Main.check_gradients

Blended Conditional Gradients

The FW and AFW algorithms, and their lazy variants share one feature: they attempt to make primal progress over a reduced set of vertices. The AFW algorithm does this through away steps (which do not increase the cardinality of the active set), and the lazy variants do this through the use of previously exploited vertices. A third strategy that one can follow is to explicitly blend Frank-Wolfe steps with gradient descent steps over the convex hull of the active set (note that this can be done without requiring a projection oracle over $C$, thus making the algorithm projection-free).
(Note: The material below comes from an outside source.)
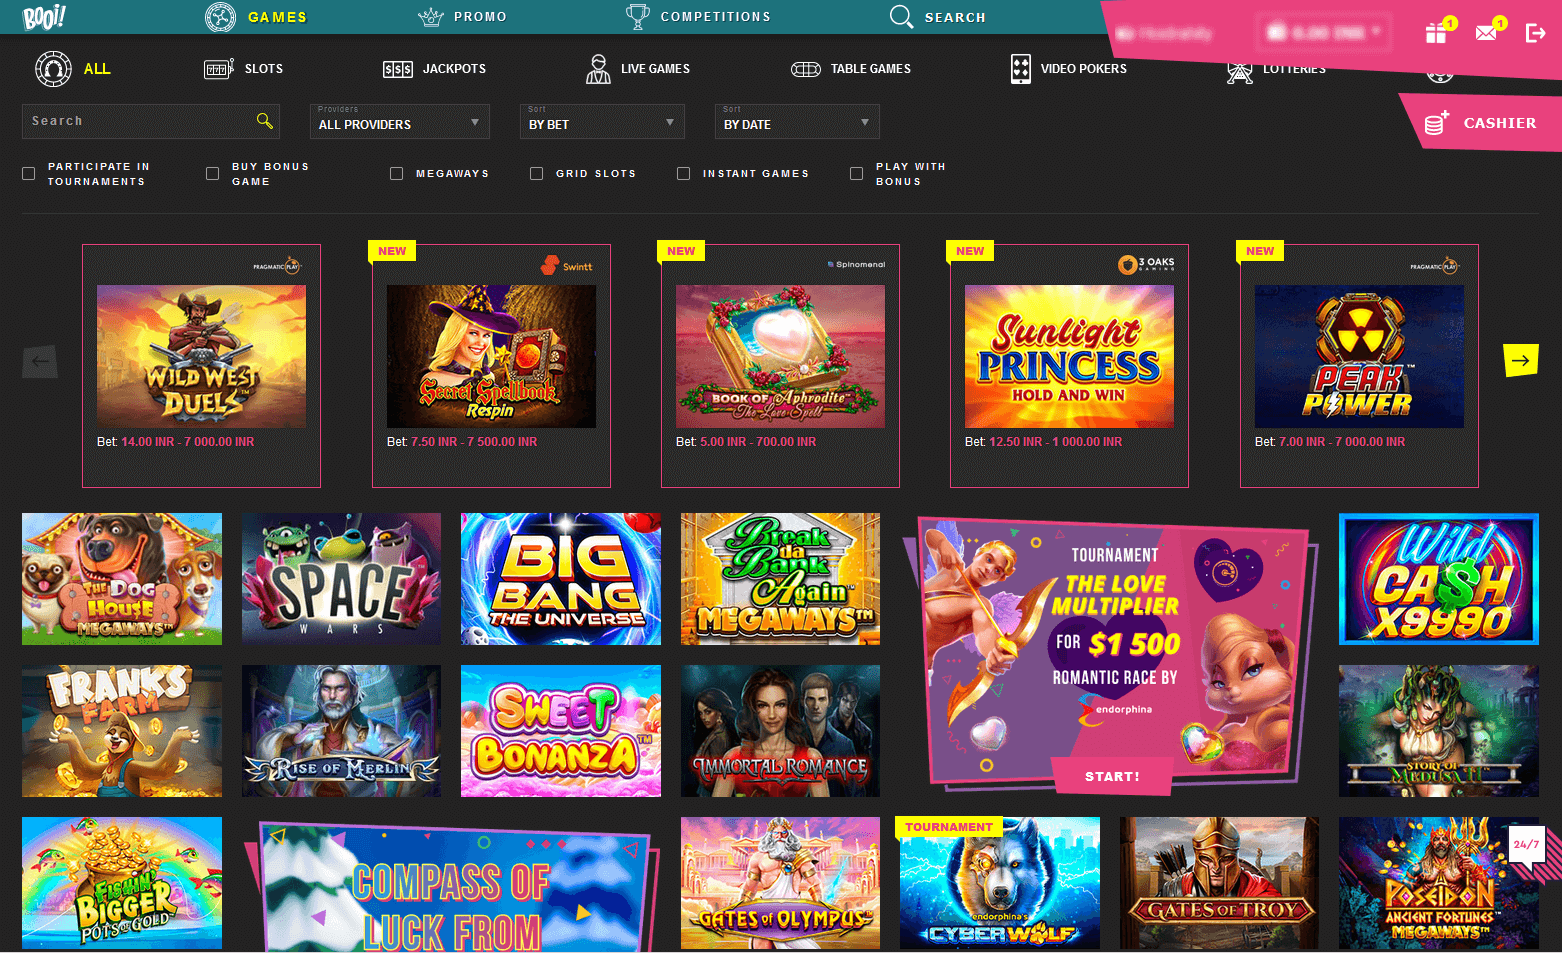 Choose a Booi casino game you are interested in from a large list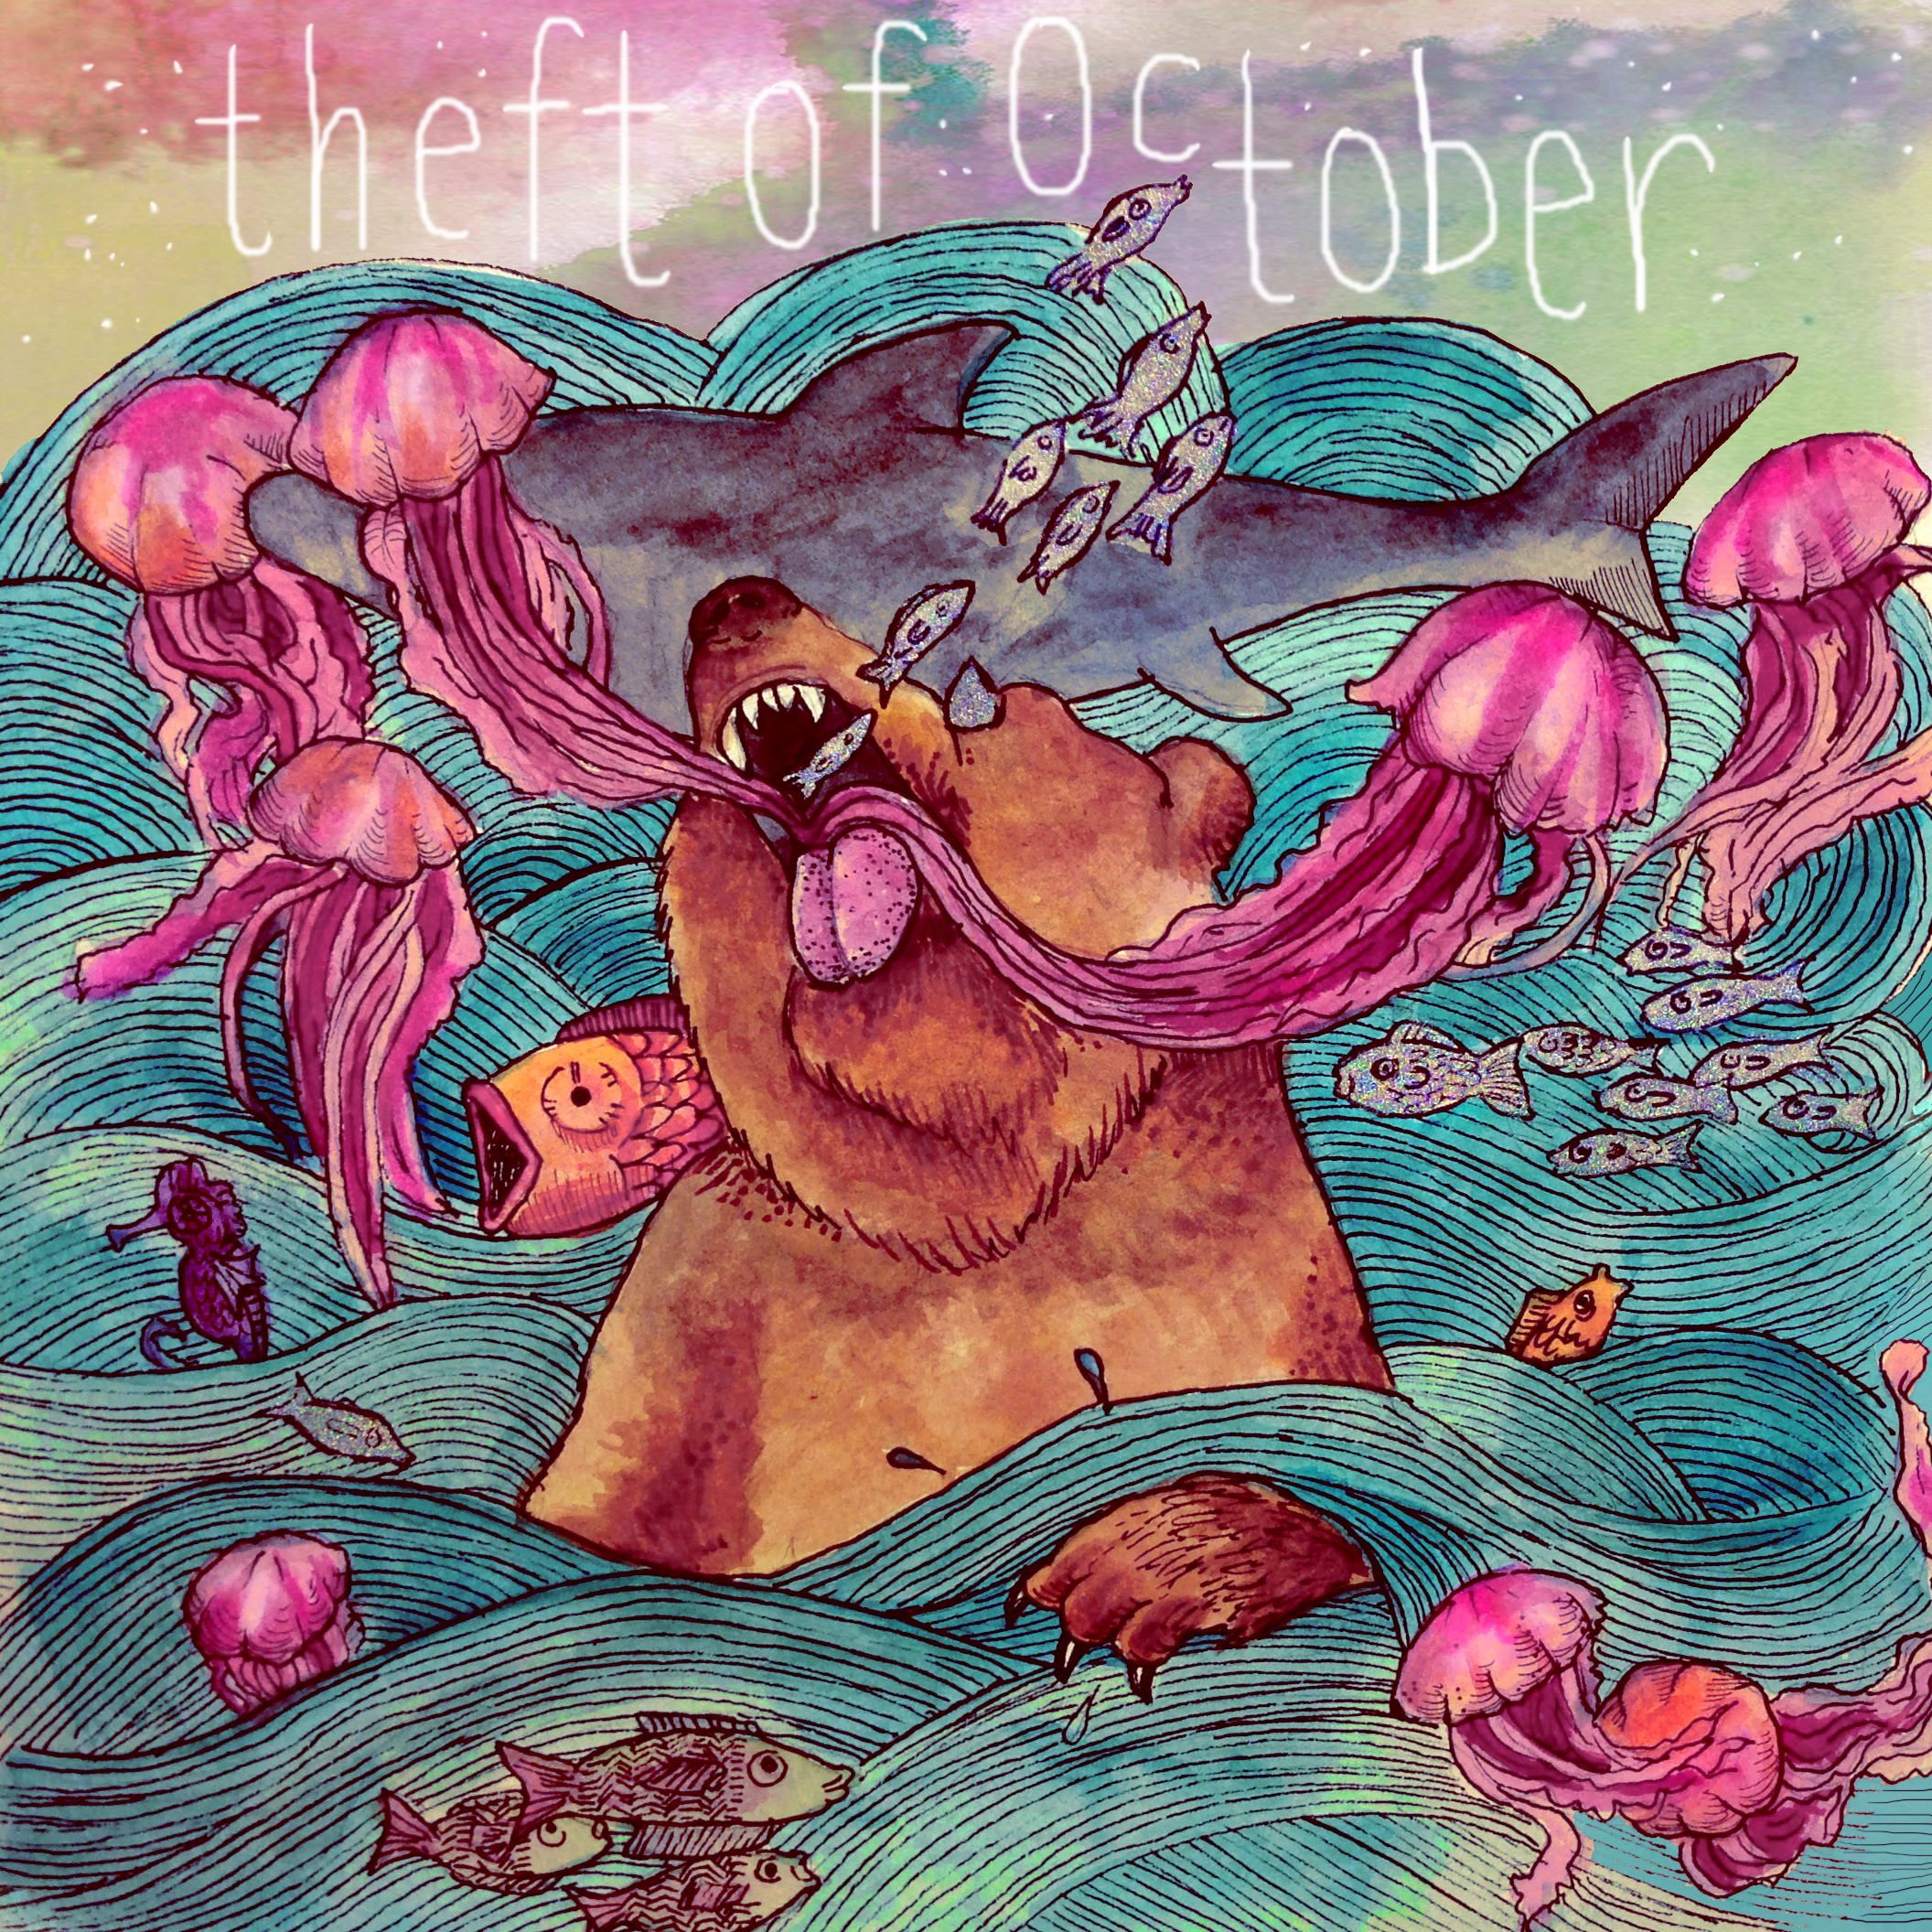 cover art for “Theft Of October”

This results in the Blended Conditional Gradient (BCG) algorithm, which attempts to make as much progress as possible through the convex hull of the current active set $S_t$ until it automatically detects that in order to make further progress it requires additional calls to the LMO.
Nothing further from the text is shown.